I'm planning a post on the above, although I'm not in the US. Not sure if that matters, but I don't want to draw the focus of the argument into how one should srtucture a health system?

Oh, and I voted for you :)

J

Serenity said...

I posted today - please add me! :)

Anonymous said...

I did mine yesterday: http://jennsjournal.clubmom.com/jennsjournal/2007/11/my-story.html

Anonymous said...

Very timely. Having run out of frozen embryos, I am seriously contemplating another DE cycle. Donor rates have gone up, though I thank G-d that in my part of the country, it is still relatively inexensive -- about $5,000 for the donor's fee and the egg broker's fee. Another $8,700 or so for the clinic to retrieve the eggs, do the transfer, and supervise the cyle. And then about another $7,000 or so for the donor's medications and monitoring. Again, thank G-d that my insurance isn't questioning why I need the drugs or the monitoring, so it has been covered, at least for my FETs.

And then? One of the potential donors is not from the area, so I learned that if we liked her, we would have to add her room and board for the duration to the cost. I don't think so!

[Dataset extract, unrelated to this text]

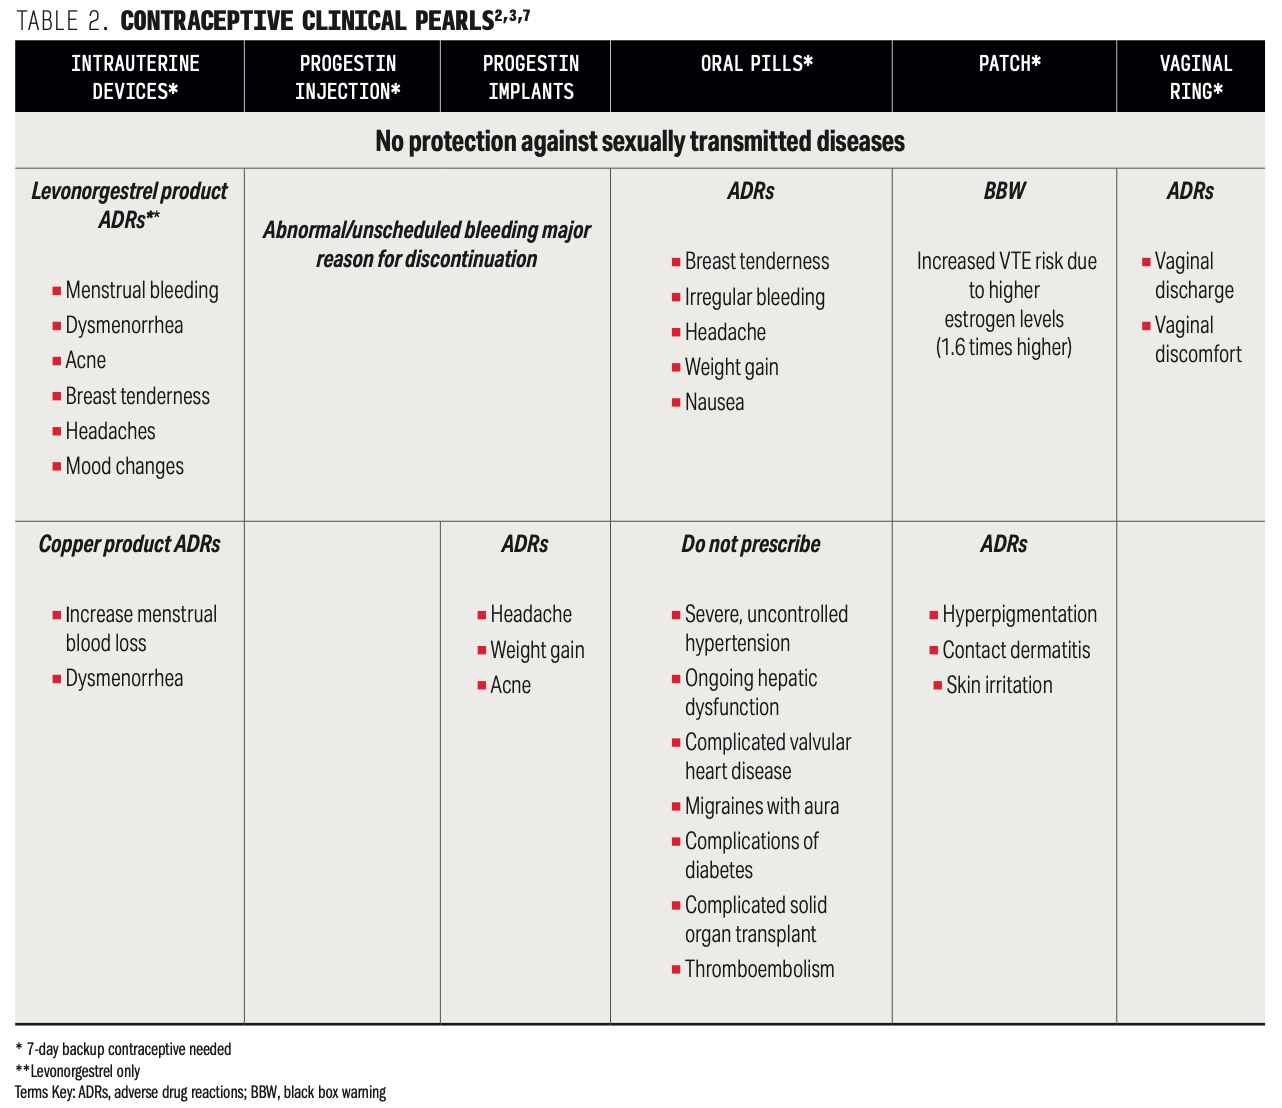 Table 2. Contraceptive Clinical Pearls

It just gives my husband and I more things to fight about, I guess.

Briar said...

i posted:
http://www.unwellness.com/unwellness/2007/11/what-it-cost-us.html

Anonymous said...

http://nycphoenix.wordpress.com/2007/11/10/being-12-and-a-half/

thanks so much

Anonymous said...

I finally posted mine today - not TOO late, geesh.

Anonymous said...

I posted too (a little slow to this I know, but I found it hard to contemplate).
http://veeandjay.wordpress.com/a-catalogue-of-our-disasters-in-chronological-order/

We're in the UK, so not much use in terms of addressing the American healthcare system, but here, pretty much without exception, we (same-sex couples) cannot get ANY treatment for free on our National Health Service, unless a clear infertility factor is identified. We cannot generally qualify as "sub-fertile" and get treatment either - it's pay all the way.